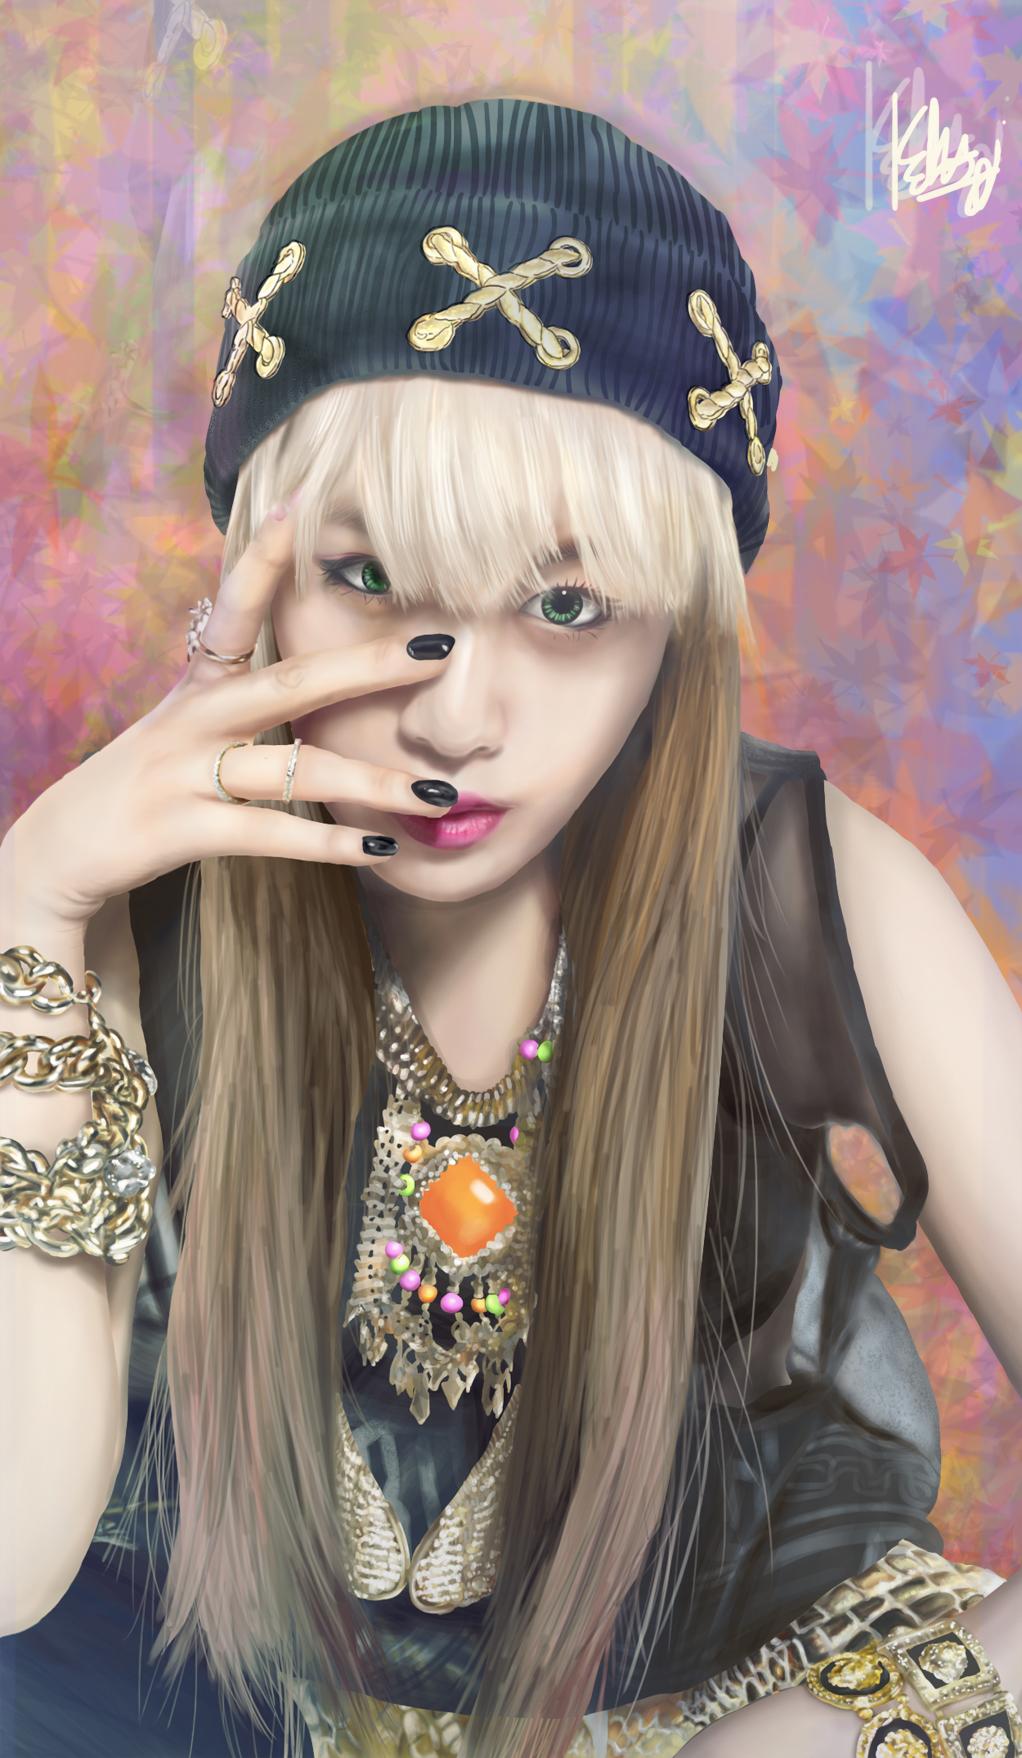 Фото Светловолосая девушка в шапке и украшениях, певица ...: http://photo.99px.ru/photos/202344/
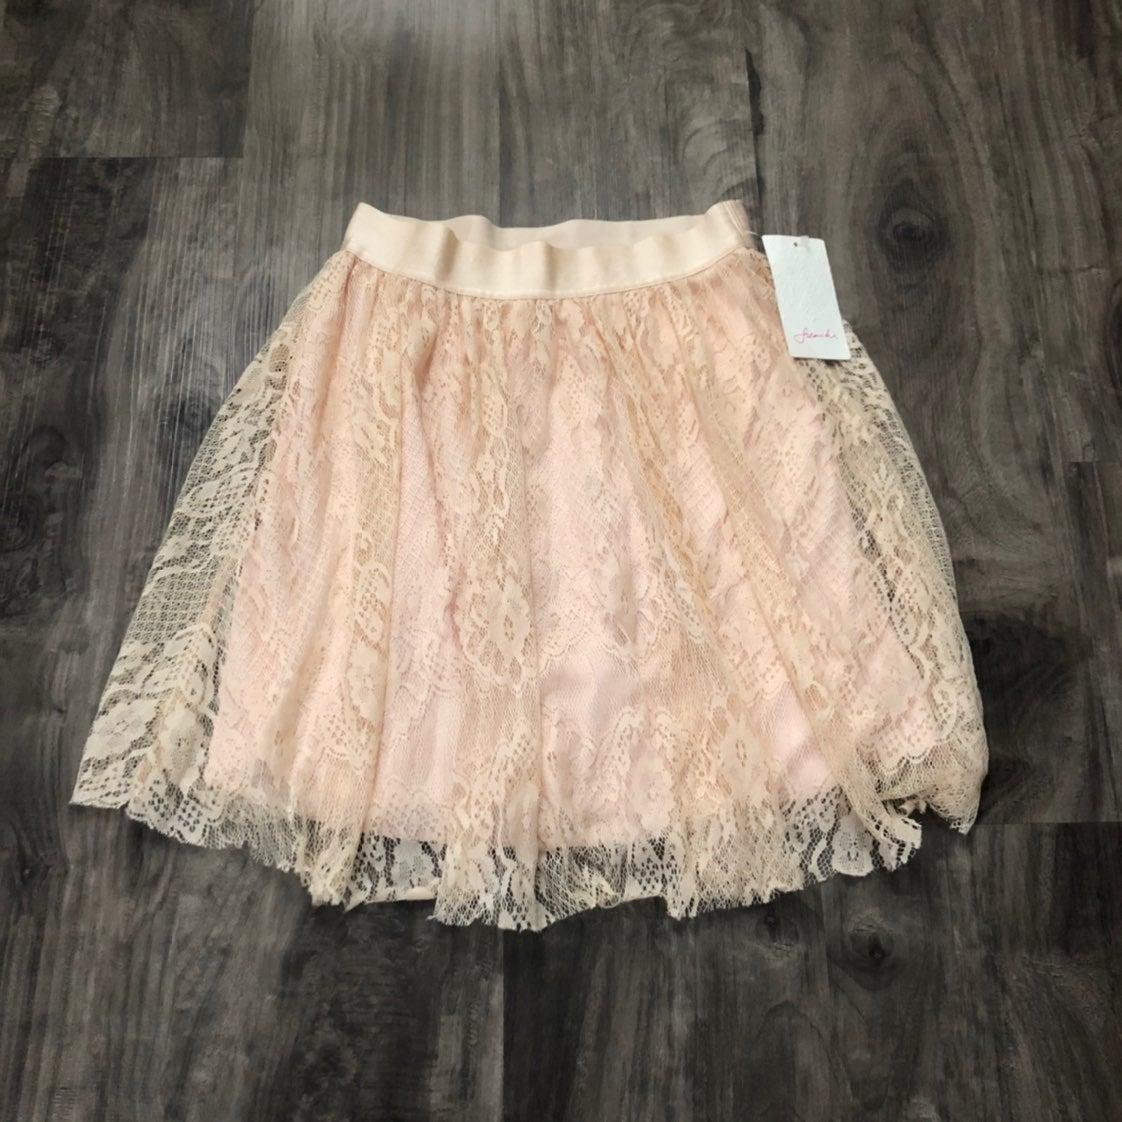 New Frenchi Pink Lace Skirt Soft Pink XS
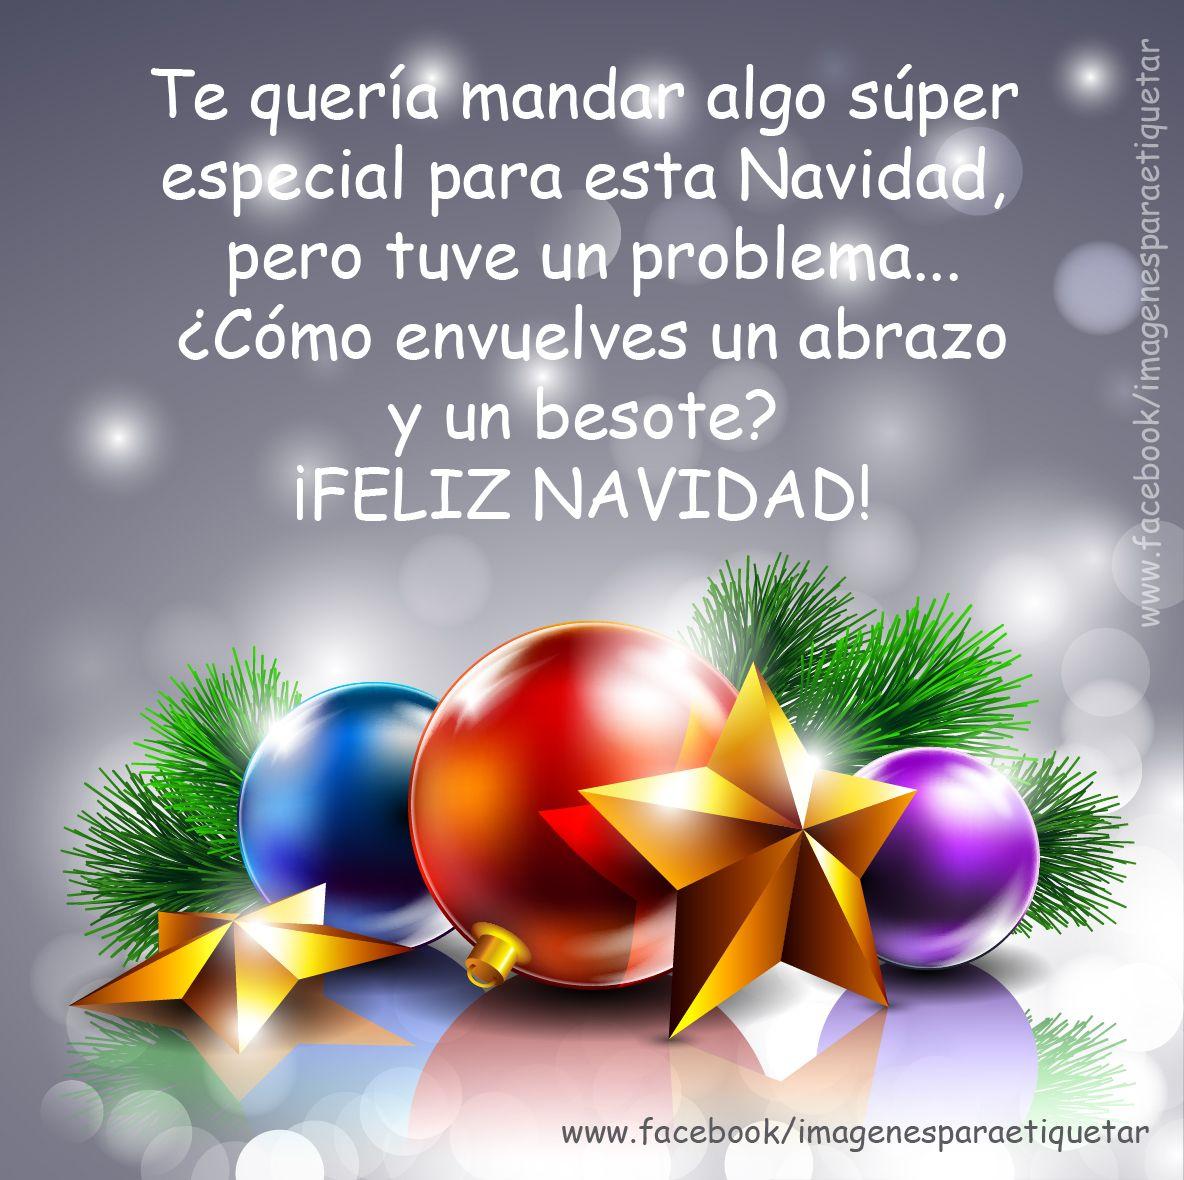 Frases Para Felecitar La Navidad.Hoy Les Traemos Imagenes De Navidad Para Facebook Hermosas

- _WORK REQUIRED_
Every line of the material above must be written out exactly, with no pictures.

- _ANSWER FOR THIS EXERCISE_
 Фото Светловолосая девушка в шапке и украшениях, певица ...: http://photo.99px.ru/photos/202344/
 New Frenchi Pink Lace Skirt Soft Pink XS
 Frases Para Felecitar La Navidad.Hoy Les Traemos Imagenes De Navidad Para Facebook Hermosas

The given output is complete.